# Bilder im selben Fenster öffnen



## ziriander (12. Juli 2006)

Hallo,

ich habe auf der Seite klix sandra gesehen, dass man Miniaturen anklicken kann und sich die Vergrößerung im selben Fenster öffnet ohne das sich die Seite neu aufbaut. Kann mir jemand erklären wie das funktioniert ?

Danke für eure Hilfe
ziriander


----------



## -LizZard- (12. Juli 2006)

Hi,

die Lösung des Rätsels heißt Iframe!

MfG
LizZard


----------



## schutzgeist (12. Juli 2006)

Sicher, dass sich die Seite nicht neu aufbaut?

Beim Wechsel von technische Daten zu Details hüpft z.B. die 'Focus Know-how' Grafik...
Meiner Meinung nach sind das alles einzelne Seiten...
Lasse mich aber auch gern eines besseren belehren


----------



## -LizZard- (12. Juli 2006)

Hi,

er meint die kleinen Thumbs unter "Details" die alle in einem Iframe öffnen.


----------



## Maik (12. Juli 2006)

Alternativ zum iframe-Element lässt sich eine Photo-Gallerie auch mit CSS realisieren -> stu nicholls | CSS PLaY | active photograph gallery.


----------



## ziriander (12. Juli 2006)

Wie ist denn das mit der Browserkompatiblität bei iFrames ?  

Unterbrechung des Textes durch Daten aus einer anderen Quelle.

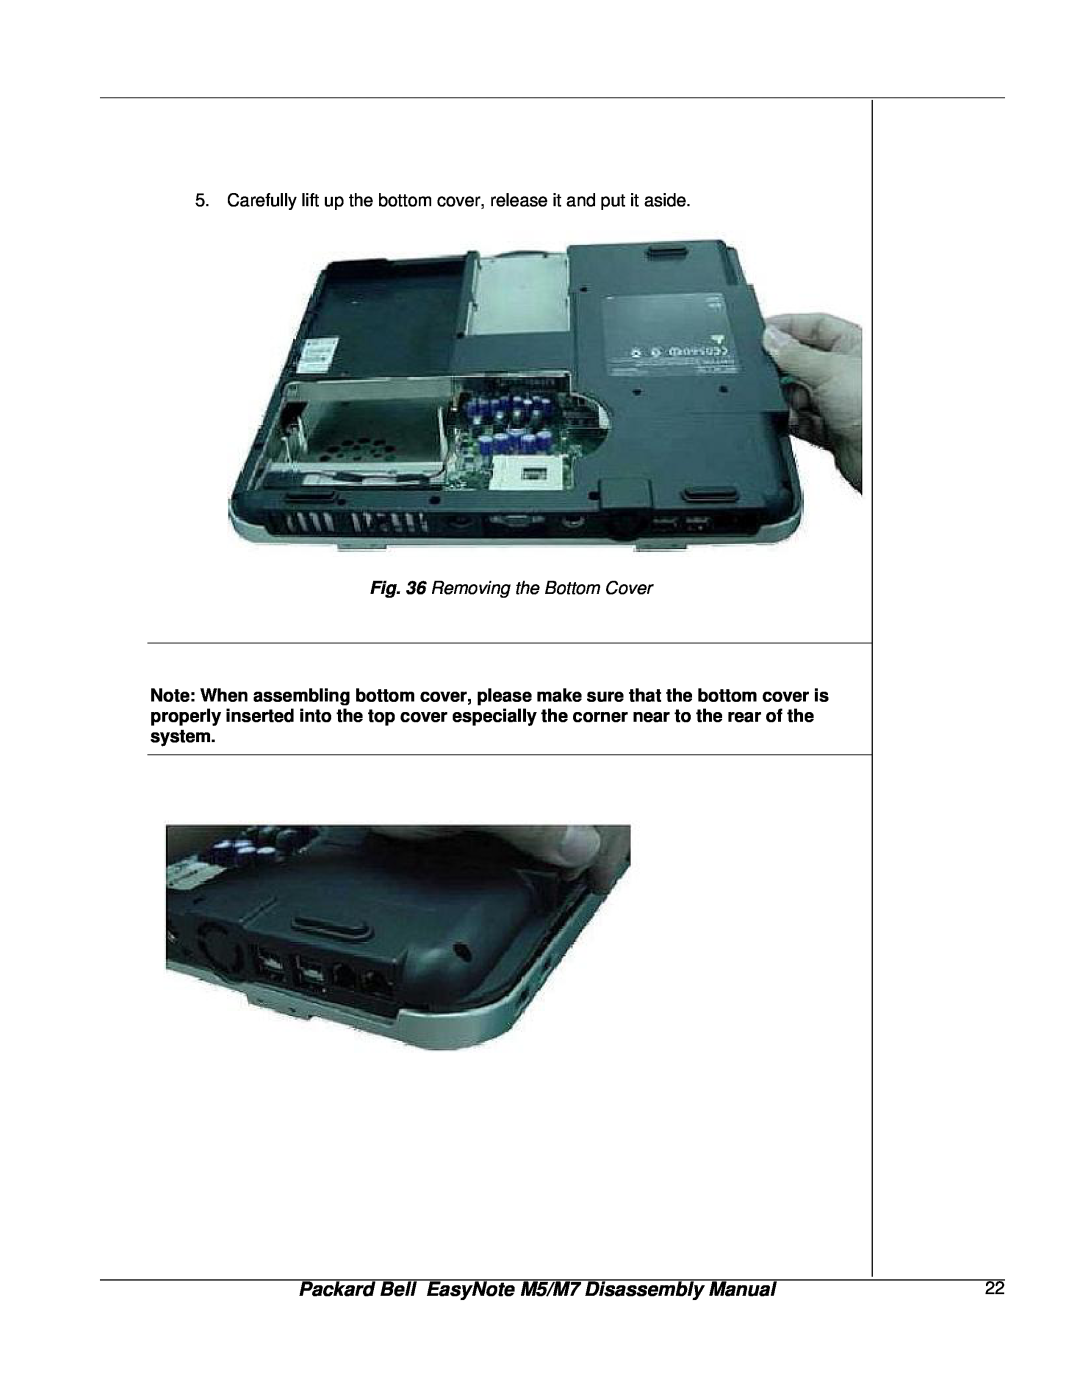 NEC manual Removing the Bottom Cover, Packard Bell EasyNote M5/M7 Disassembly Manual

Die CSS Variante gefällt mir auch sehr gut, aber bei beiden ist mir nicht klar wie es gemacht wird. wo finde ich denn da gut verständliche Anleitungen ?


----------



## Maik (13. Juli 2006)

Das iframe-Element wird von allen modernen Browsern unterstützt.

Wie sich ein iFrame in ein Dokument einbauen lässt, kannst du hier nachlesen: SELFHTML: HTML/XHTML / Frames / Eingebettete Frames.

Bei Stu Nicholls' CSS-Photo-Gallerie wirst du wohl den Quelltext studieren und ggfs. mit ihm etwas experimentieren müssen.


----------



## ziriander (14. Juli 2006)

Na dann werde ich mich mal drann machen. Danke für die Tipps


----------